Let us have a deep dive and check out how Spark can tackle some of the challenges of ETL pipeline that a data engineer is facing in his/her daily life.
Various types of data source
Source data may exist in various formats, such as csv, JSON, database table, text, etc. Along with the varieties of source formats, the data can be structured (Parquet, ORC, database table, etc.), semi-structured(csv, JSON, XML) or even unstructured (server logs).
Spark DataFrame interface provides operation on a wild variety of data sources. The supported built-in data sources include csv, JSON, Parquet, ORC, text, JDBC, Hive tables, and Avro. Spark also supports streaming processing as directly reading data from Kafka.
There are third-party packages available as data source connectors to get data to Spark. Check out Spark Packages website.
We can even write some customised codes to read data source, for example, I have a post of processing XML files with Spark.
Schema mismatch
It is not uncommon that the data type is inconsistent among records especially NoSQL is getting more popular. Spark supports inferring data type and schema if we don’t provide a pre-defined schema when reading the data source.
However, this is not a good practice especially in production environment. If we get a wrong data type, it may impact the downstream analysis, insights and reporting. We would prefer schema enforcement instead. We need to find out any data type inconsistency during data exploration, and fix it when transforming the data.

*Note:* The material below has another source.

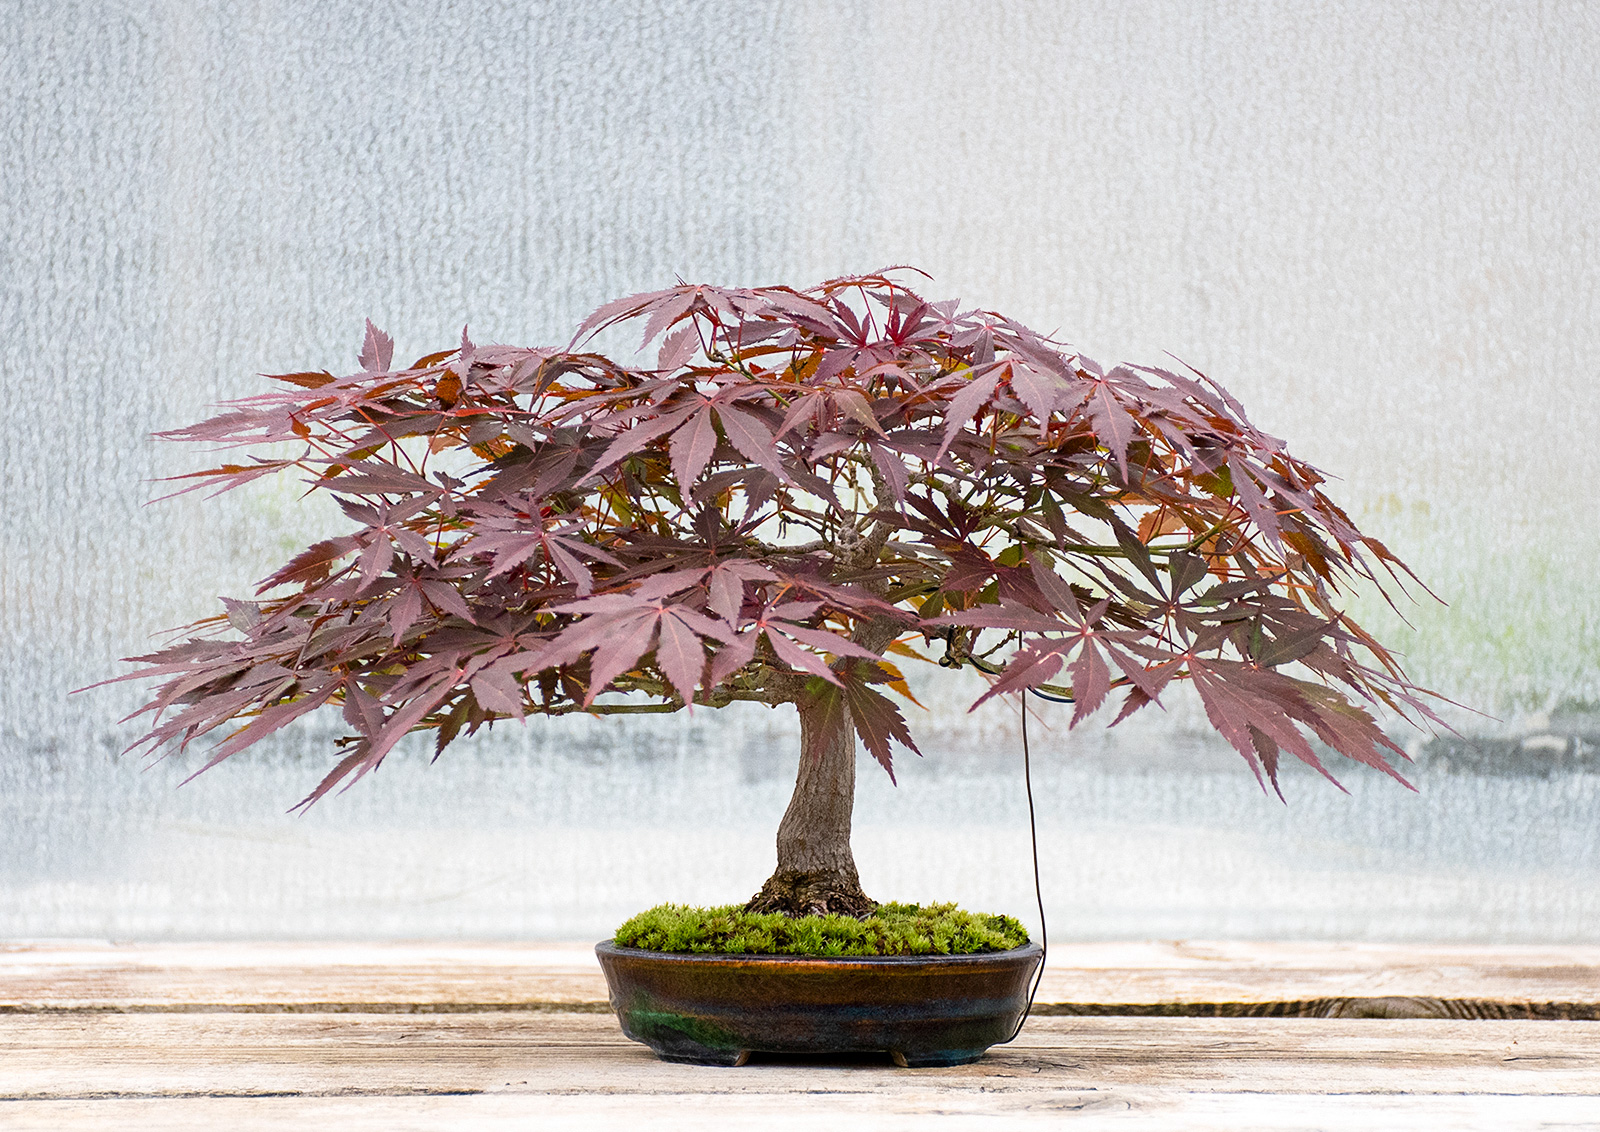 ベニカガミ-G1（べにかがみ・紅鏡）雑木盆栽の販売と育て方・作り方・Acer palmatum var.amoenum bonsai

If it is really required, we can add an intermediate layer by saving the raw data in JSON format. Then we can reprocess the JSON data in case of changing schema.
Corrupted files or data records
In big data era, there are hundreds and thousands of files that are required to be ingested through ETL pipeline around the clock. Files may be corrupted or one or more records in the files may be malformed when something goes wrong on the data source.
Spark provides error handling mechanisms to suite different needs when reading the data sources in csv or JSON format.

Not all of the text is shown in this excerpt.